As well as developing scrapers and a data platform, at ScraperWiki we also do data analysis. Some of this is just because we’re interested, other times it’s because clients don’t have the tools or the time to do the analysis they want themselves. Often the problem is with the size of the data. Excel is the universal solvent for data analysis problems – go look at any survey of data scientists. But Excel has it’s limitations. There are the technical limitations of something like a million rows maximum size but well before this size Excel becomes a pain to use.
There is another path – the programming route. As a physical scientist of moderate age I’ve followed these two data analysis paths in parallel. Excel for the quick look see and some presentation. Programming for bigger tasks, tasks I want to do repeatedly and types of data Excel simply can’t handle – like image data. For me the programming path started with FORTRAN and the NAG libraries, from which I moved into Matlab. FORTRAN is pure, traditional programming born in the days when you had to light your own computing fire. Matlab and competitors like Mathematica, R and IDL follow a slightly different path. At their core they are specialist programming languages but they come embedded in graphical environments which can be used interactively. You type code at a prompt and stuff happens, plots pop up and so forth. You can capture this interaction and put it into scripts/programs, or simply write programs from scratch.
Outside the physical sciences, data analysis often means databases. Physical scientists are largely interested in numbers, other sciences and business analysts are often interested in a mixture of numbers and categorical things. For example, in analysing the performance of a drug you may be interested in the dose (i.e. a number) but also in categorical features of the patient such as gender and their symptoms. Databases, and analysis packages such as R and SAS are better suited to this type of data. Business analysts appear to move from Excel to Tableau as their data get bigger and more complex. Tableau gives easy visualisation of database shaped data. It provides connectors to many different databases. My workflow at ScraperWiki is often Python to SQL database to Tableau.
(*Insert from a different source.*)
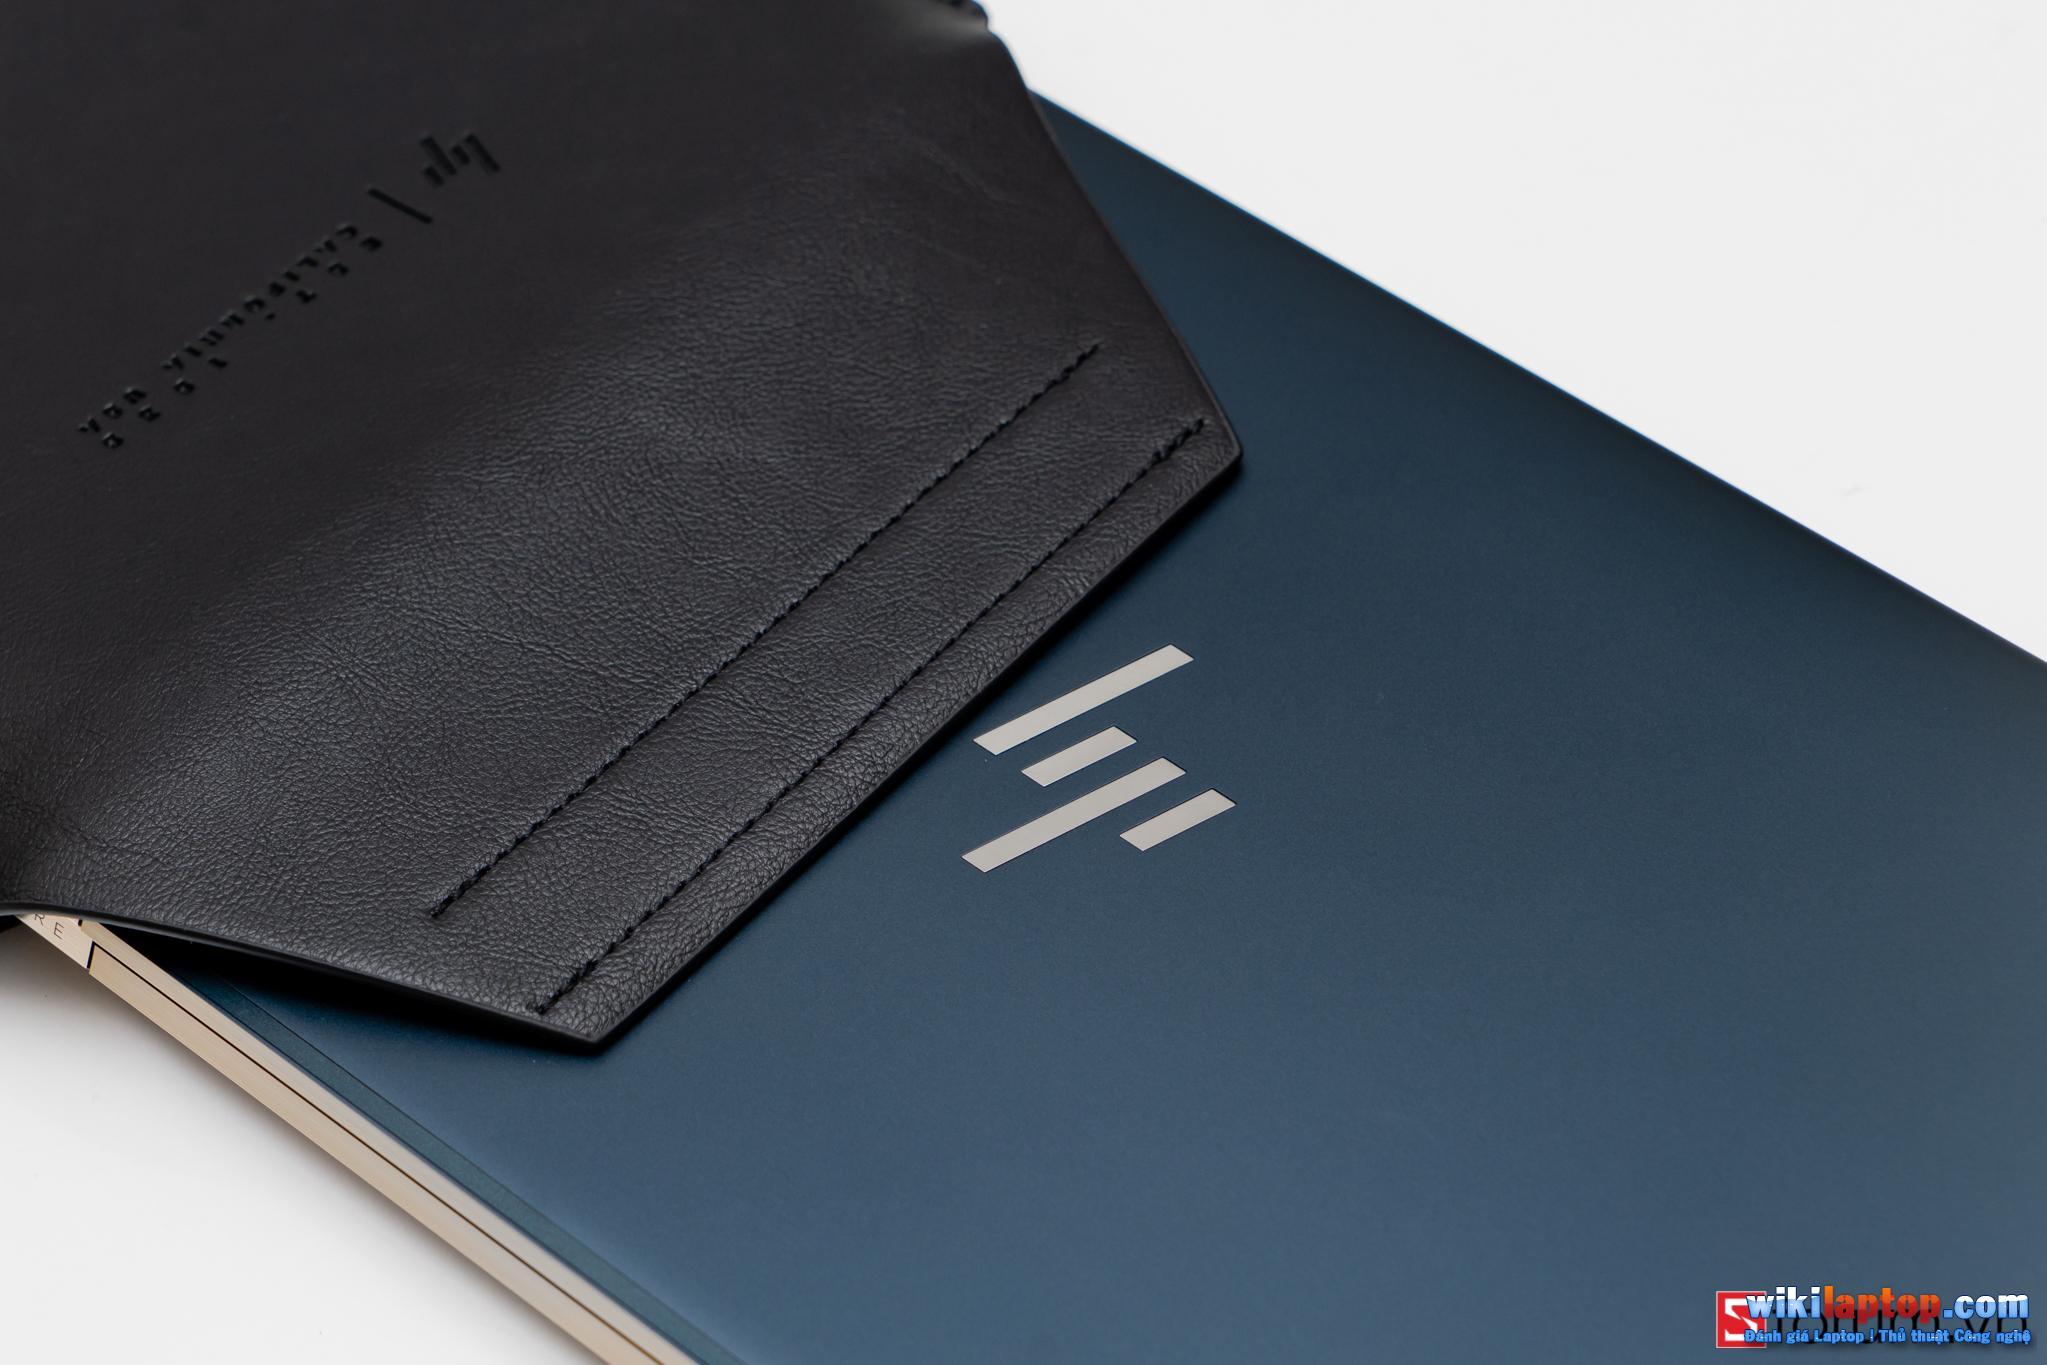 Sforum - Trang thông tin công nghệ mới nhất CPS-HP-Specter-X360-13-10 Đánh giá chi tiết HP Spectre x360 13: Cái gì bên trong một chiếc Laptop có giá gần 50 triệu HP?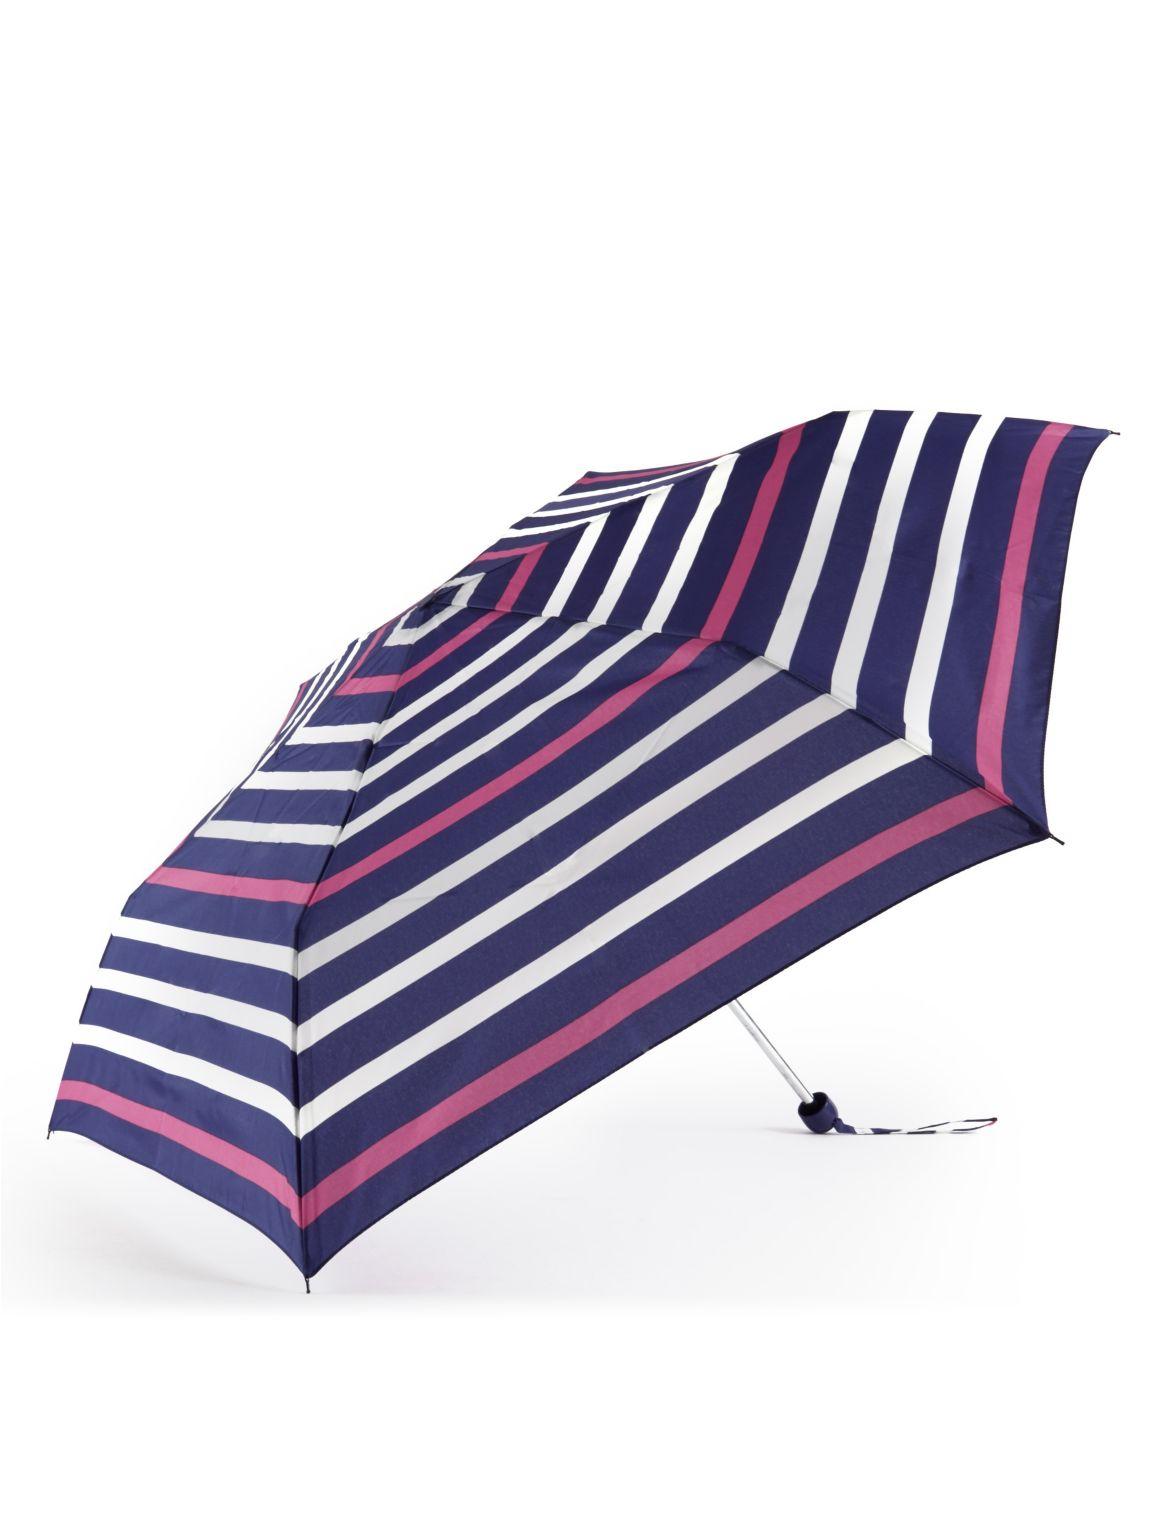 Parapluie compact à rayures marines, doté de la technologie Stormwear™

Python for Data Analysis by Wes McKinney draws these threads together. The book is partly about the range of tools which make Python an alternative to systems like R, Matlab and their ilk and partly a guide to McKinney’s own contribution to this area: the pandas library. Pandas brings R-like dataframes and database-like operations to Python. It helps keep all your data analysis needs in one big Python-y tent. Dataframes are 2-dimensional tables of data whose rows and columns have indexes which can be numeric but are typically text. The pandas library provides a great deal of functionality to process Dataframes, in particular enabling filtering and grouping calculations which are reminiscent of the SQL database workflow. The indexes can be hierarchical. As well as the 2-dimensional Dataframe, pandas also provides 1-dimensional Series and a 3-dimensional Panel data structures.
I’ve already been using pandas in the Python part of my workflow. It’s excellent for importing data, and simplifies the process of reshaping data for upload to a SQL database and onwards to visualisation in Tableau. I’m also finding it can be used to help replace some of the more exploratory analysis I do in Tableau and SQL.
Outside of pandas the key technologies McKinney introduces are the ipython interactive console and the NumPy library. I mentioned the ipython notebook in my previous book review. ipython gives Python the interactive analysis capabilities of systems like Matlab. The NumPy library is a high performance library providing simple multi-dimensional arrays, comforting those who grew up with a FORTRAN background.
Why switch from commercial offerings like Matlab to the Python ecosystem? Partly it’s cost, the pricing model for Matlab has a moderately expensive core (i.e. $1000) with further functionality in moderately expensive toolboxes (more $1000s). Furthermore, the most painful and complex thing I did at my previous (very large) employer was represent users in the contractual interactions between my company and Mathworks to license Matlab and its associated tool boxes for hundreds of employees spread across the globe. These days Python offers me a wider range of high quality toolboxes, at it’s core it’s a respectable programming language with all the features and tooling that brings. If my code doesn’t run it’s because I wrote it wrong, not because my colleague in Shanghai has grabbed the last remaining network license for a key toolbox. R still offers statistical analysis with greater gravitas and some really nice, publication quality plotting but it does not have the air of a general purpose programming language.
The parts of Python for Data Analysis which I found most interesting, and engaging, were the examples of pandas code in “live” usage. Early in the book this includes analysis of first names for babies in the US over time, with later examples from the financial sector – in which the author worked. Much of the rest is very heavy on showing code snippets which is distracting from a straightforward reading of the book. In some senses Mining the Social Web has really spoiled me – I now expect a book like this to come with an Ipython Notebook!